In bone marrow transplantation, the degree of matching is assessed using multilocus genotypes at a set of protein variants encoded by the genes of the human leukocyte antigen (HLA) system on chromosome 6. The HLA system contains six highly polymorphic loci whose alleles determine the core of an individual HLA multilocus genotype and that are generally matched for bone marrow transplantation. The number of alleles at highly polymorphic HLA loci can run into the thousands, and as of 2014, the database of HLA alleles (Robinson et al. 2013) records more than ∼12,000 distinct alleles across the six major genes. An already large number of potential types at each locus increases to tens or hundreds of millions as multilocus types are considered to ensure a lower chance for rejection.

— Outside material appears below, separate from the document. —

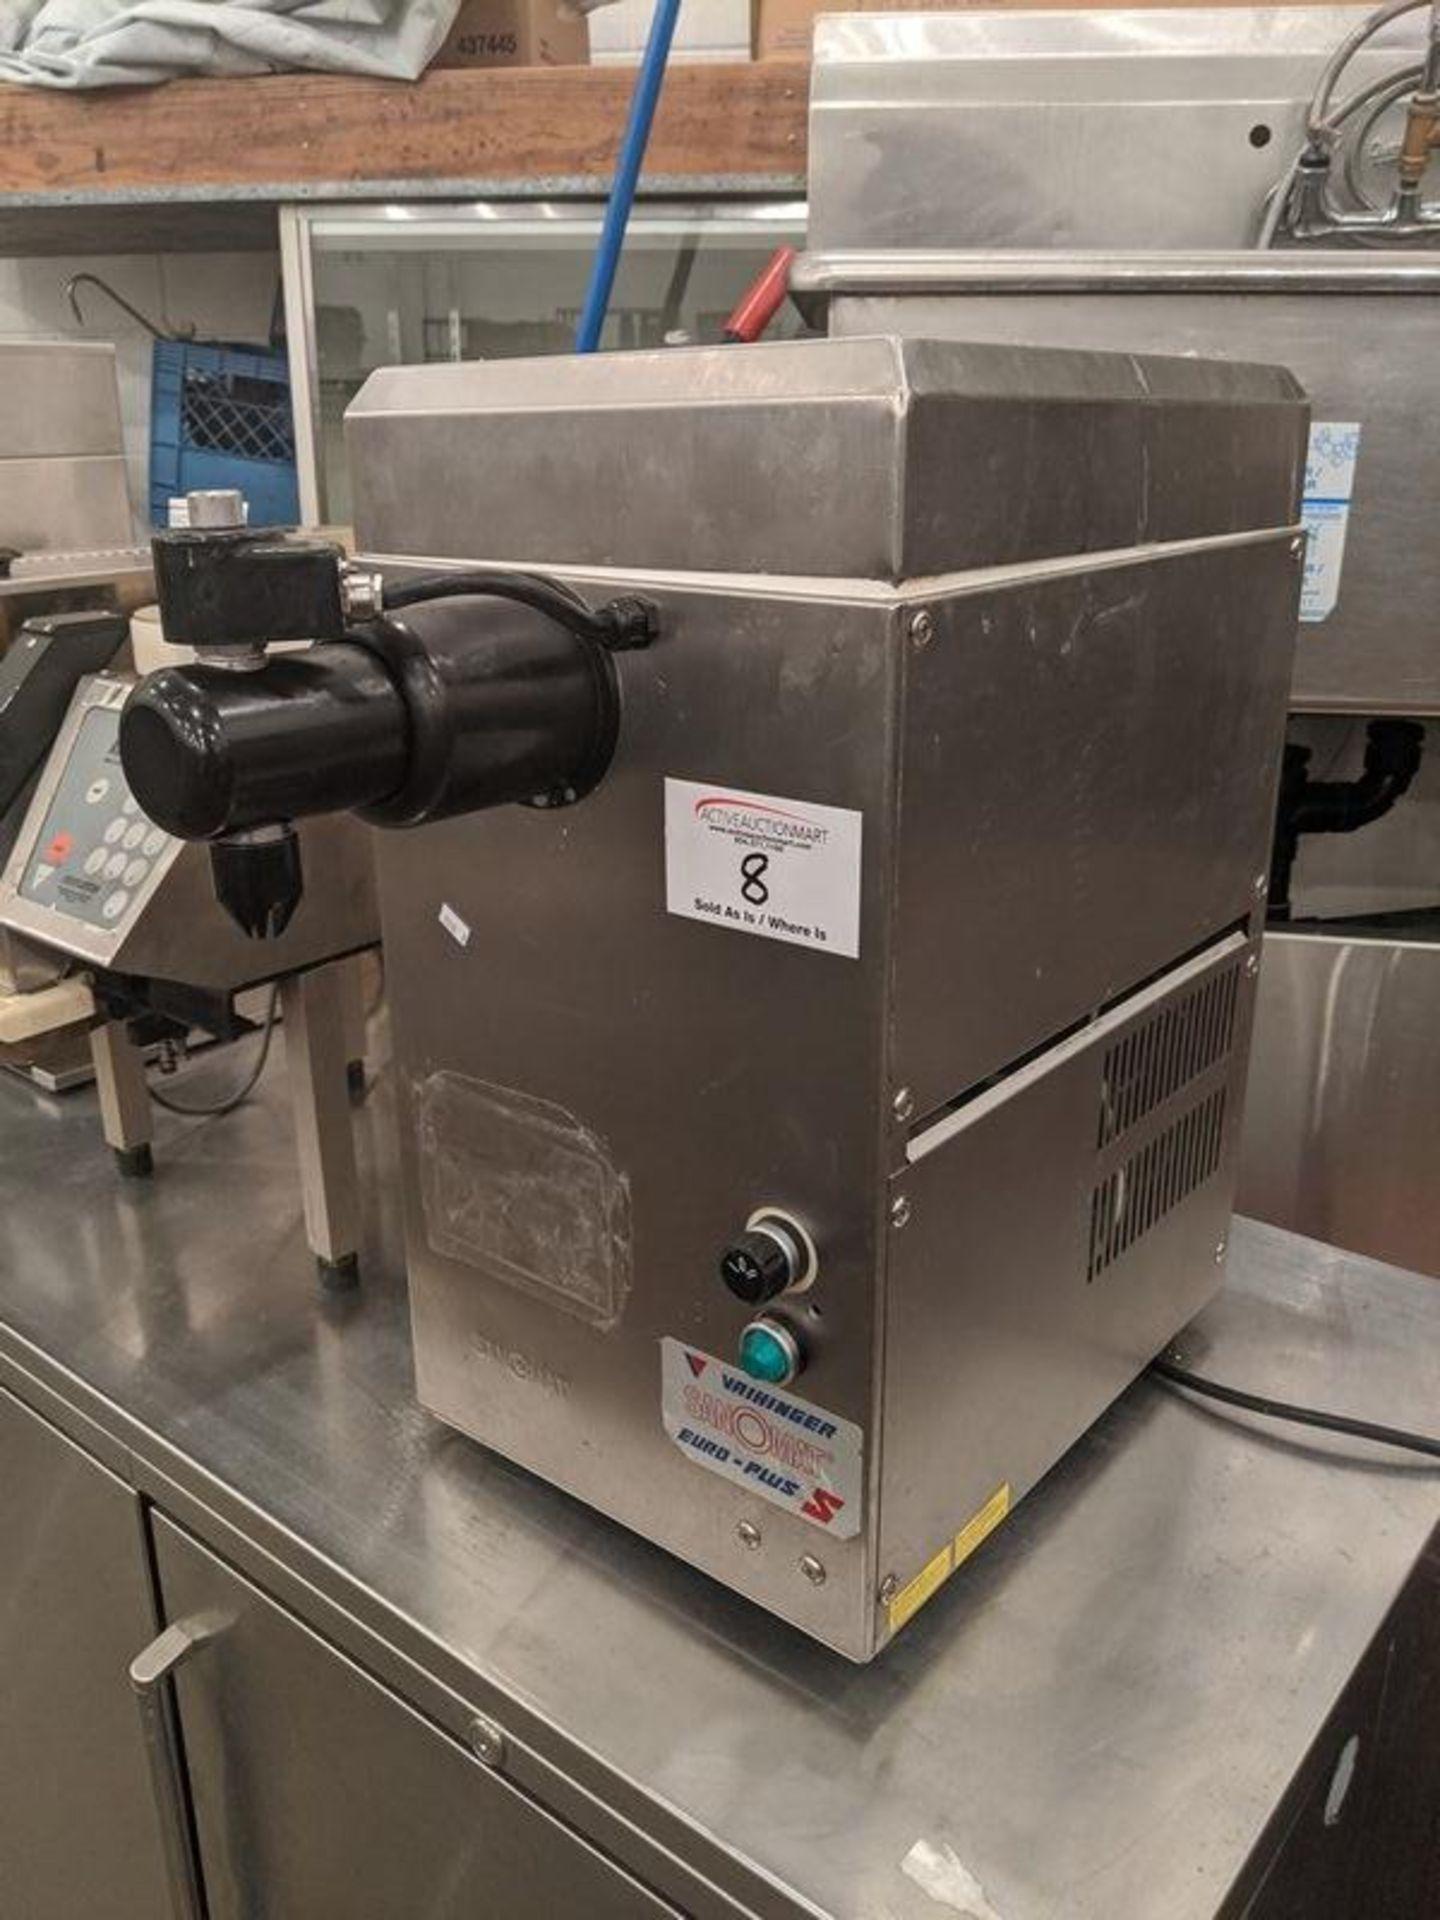 Lot 8 - Sanomat Whip Cream Dispenser

Owing to the fact that HLA alleles are codominantly expressed, the aim in transplantation matching is to match as many alleles as possible between donor and recipient. Close genetic relatives of a potential recipient have the greatest match probability because a recipient and a relative share a substantial fraction of their genomes identically by descent. Given the high genetic diversity that exists in the HLA system, however, the probability is low that two unrelated individuals would match perfectly at important loci.

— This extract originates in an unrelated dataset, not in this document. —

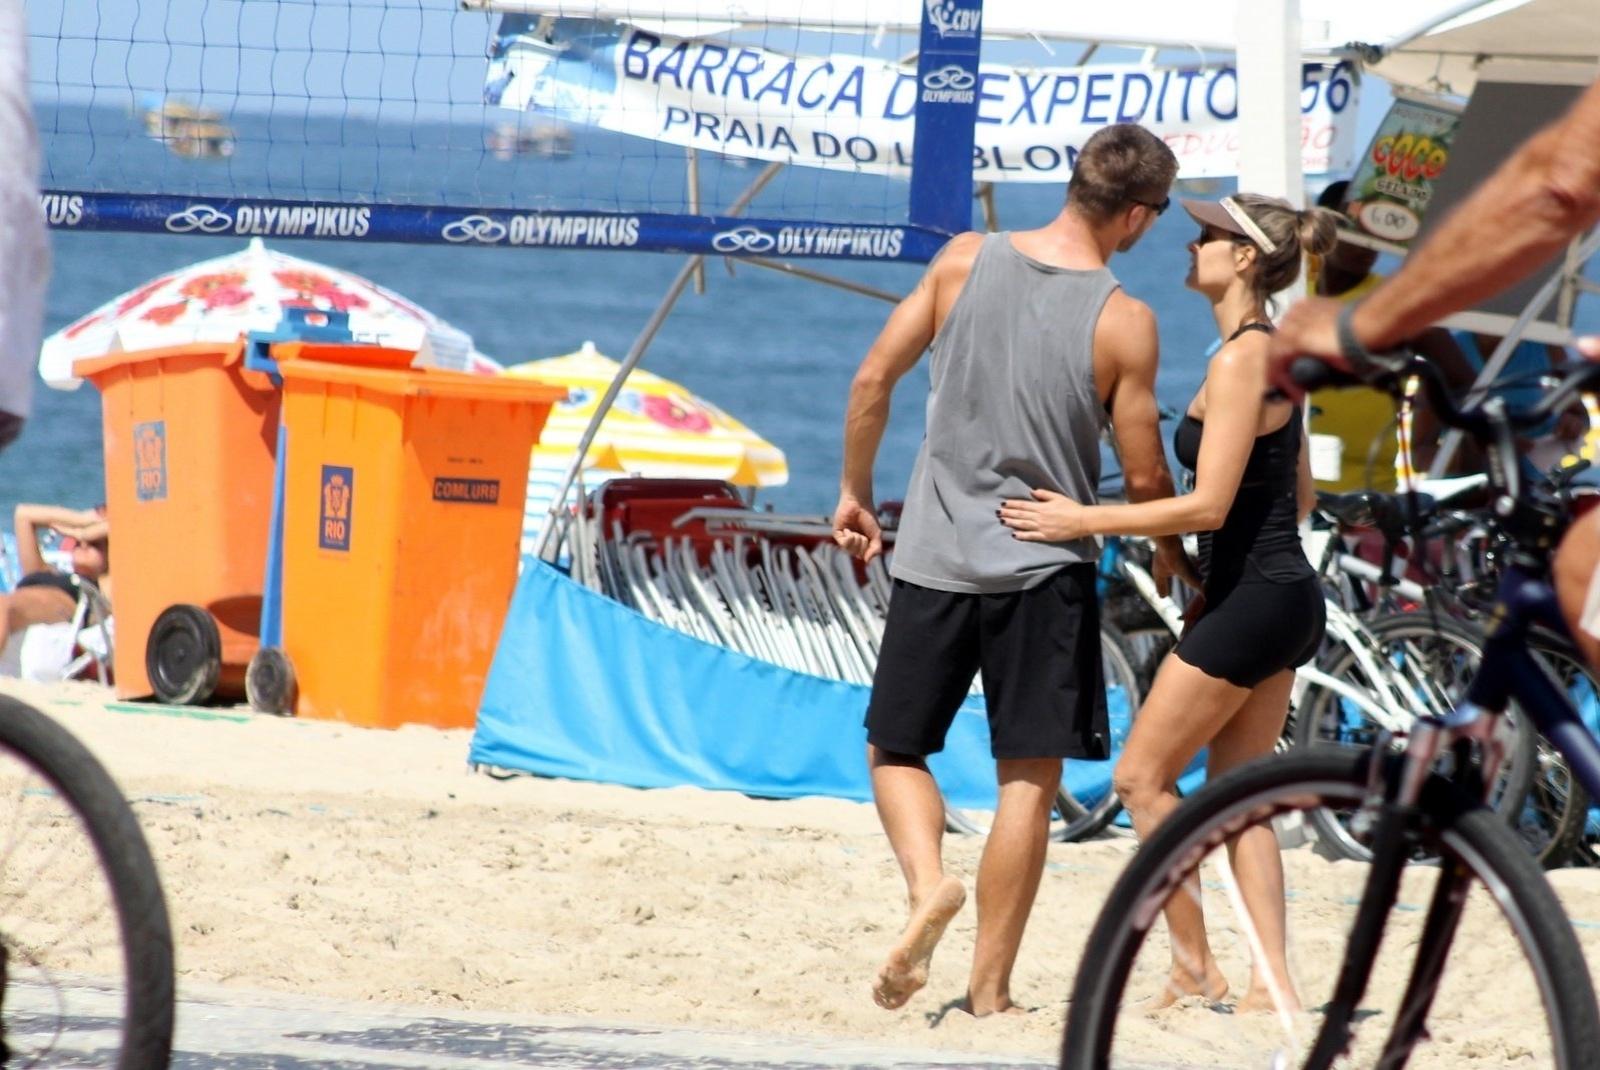 12.abr.2014 - Fernanda Lima e Rodrigo Hilbert conversam durante partida de vôlei na praia do Leblon, no Rio de Janeiro

Unlike the setting of forensic familial identification, in which low genetic diversity generates problematic false-positive matches, the challenge of transplantation matching is exacerbated by high diversity in the population to which the recipient belongs: a population with high levels of HLA genetic diversity will possess a large number of HLA multilocus combinations. Each unique combination then appears at a lower frequency, and the probability that any given pair of individuals has an exact HLA match is reduced. Conversely, a population that is more homogeneous at the HLA loci has fewer unique combinations, and the chance of a match for a random pair of individuals is increased.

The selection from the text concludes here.